Which sunscreen is right for me? ~ By Paula A. Purpera, MSHS, PA-C
Summer is almost upon us, and with that, comes increased sun exposure. Sunscreens protect the skin by preventing and minimizing the damaging effects of ultraviolet (UV) rays of the sun. These damaging effects can cause not only sunburns but skin cancer, pigmented spots, premature aging, and wrinkles. We all know that this is beneficial, but with all the available choices and different sunscreen formulations and brands, how does one pick what’s right for them?

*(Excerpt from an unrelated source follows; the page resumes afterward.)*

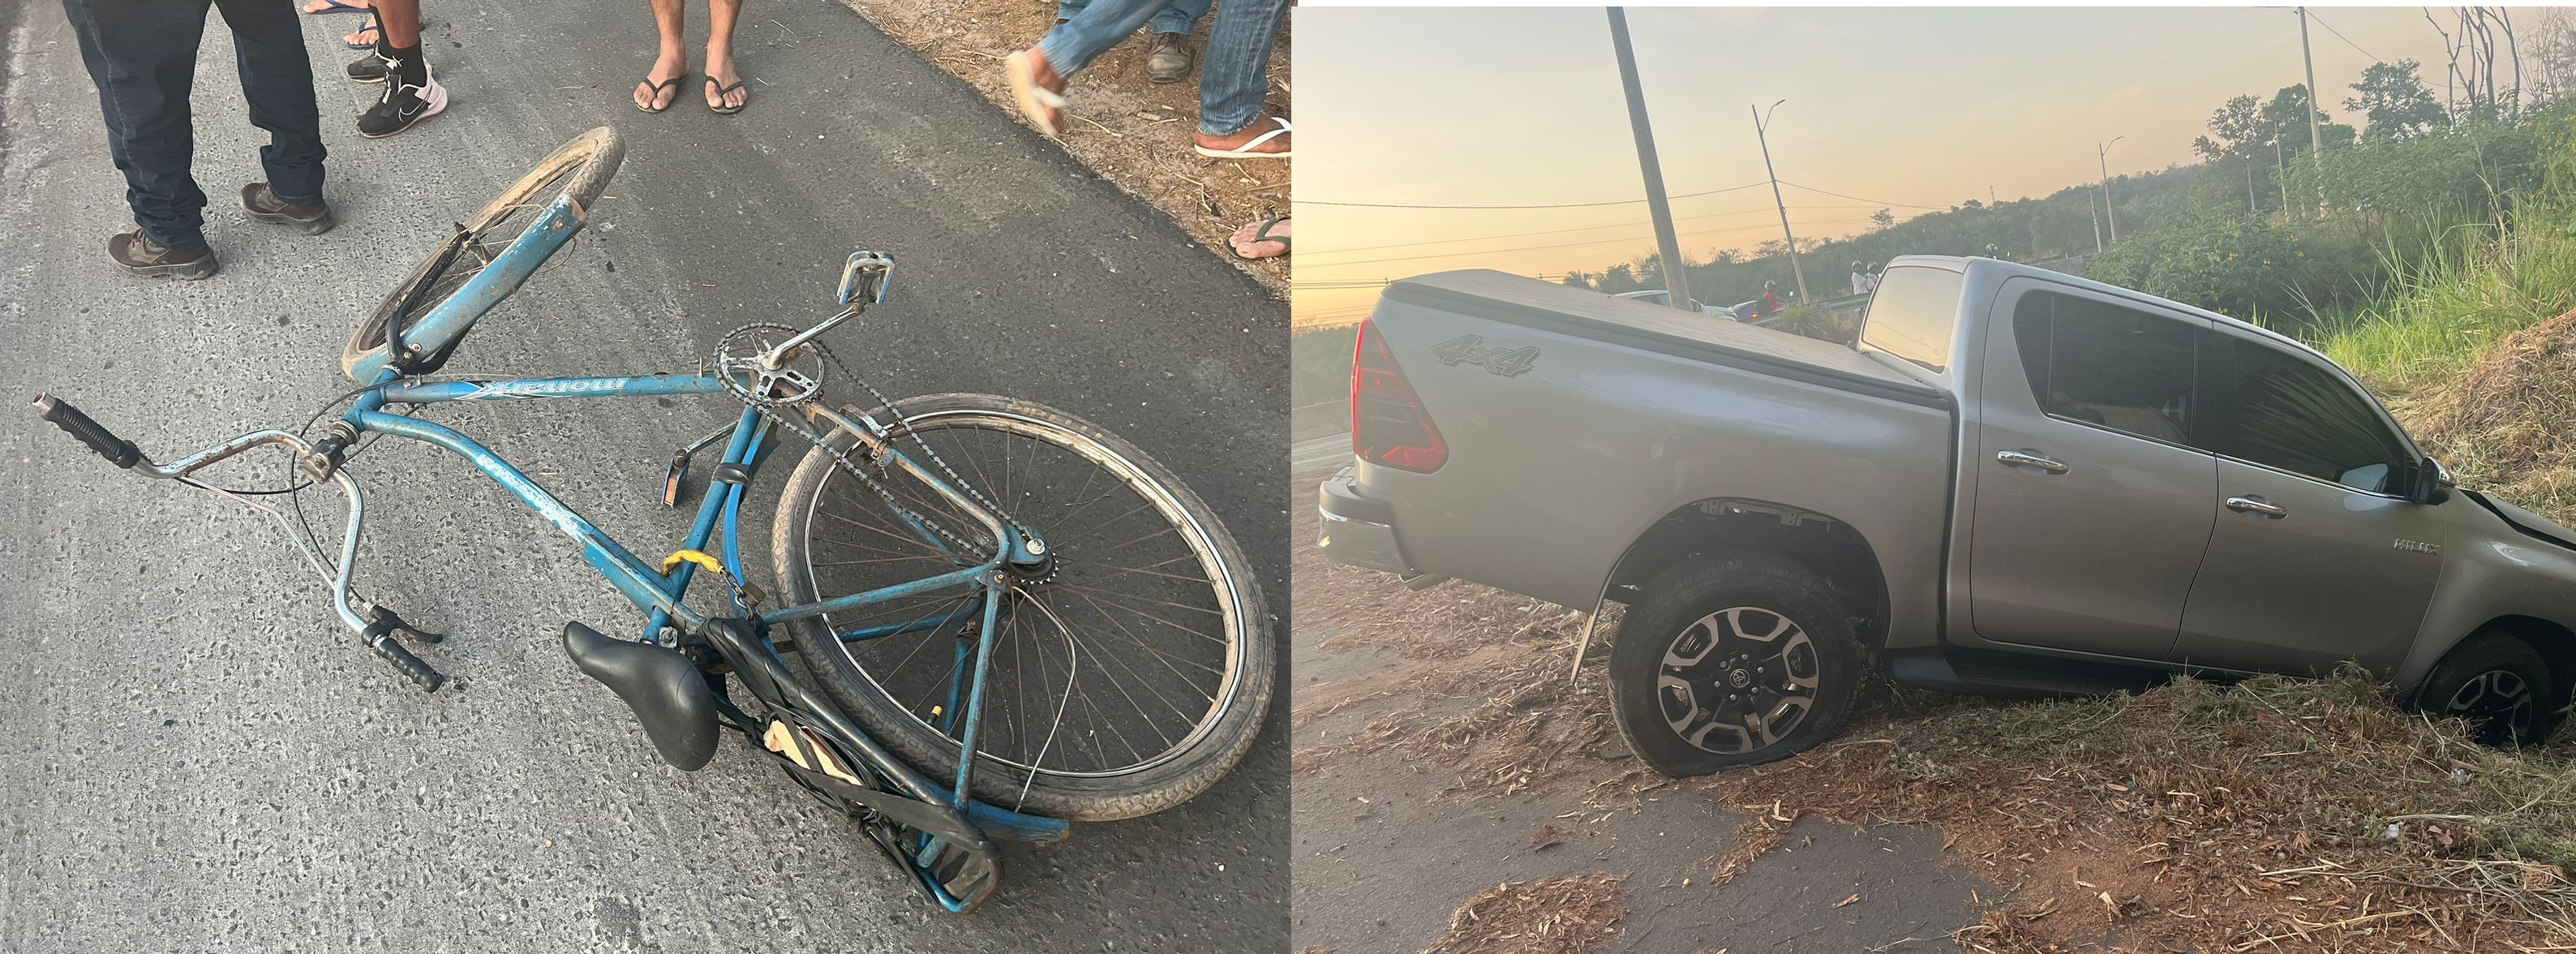 Bicicleta e carro envolvidos no acidente

If you’re like most people, too many choices can confound you, give you anxiety, and you end up just giving up and not even choosing anything, or worse, make an uninformed decision. But fear not, dear reader, I have the solution for you! I have broken down the science of sunscreen to a more palatable and understandable way.
Types of sunscreens
Chemical Sunscreens: These are the sunscreens that are most popular. They become “invisible” on your skin after application. These contain organic compounds that are able to absorb the high energy UV rays and convert them to heat energy that is released from the skin. Because they are easily absorbed by the skin, these can have the potential for systemic absorption. So I typically do not recommend these for pregnant or breastfeeding mom, children/babies, or people with sensitive skin. Certain chemicals in these such as oxybenzone and octinoxate have been shown to be harmful to the coral reefs, so I typically do not recommend these to patients that go in the ocean or do aquatic activities. Here are my favorites:
PCA Skin Weightless Protection Broad Spectrum SPF 45-Lightweight and quick-absorbing, this SPF is the favorite of my male patients. It also contains calming bisabolol and caffeine and other antioxidants. Great news for ocean lovers: this does not contain oxybenzone or oxtinoxate!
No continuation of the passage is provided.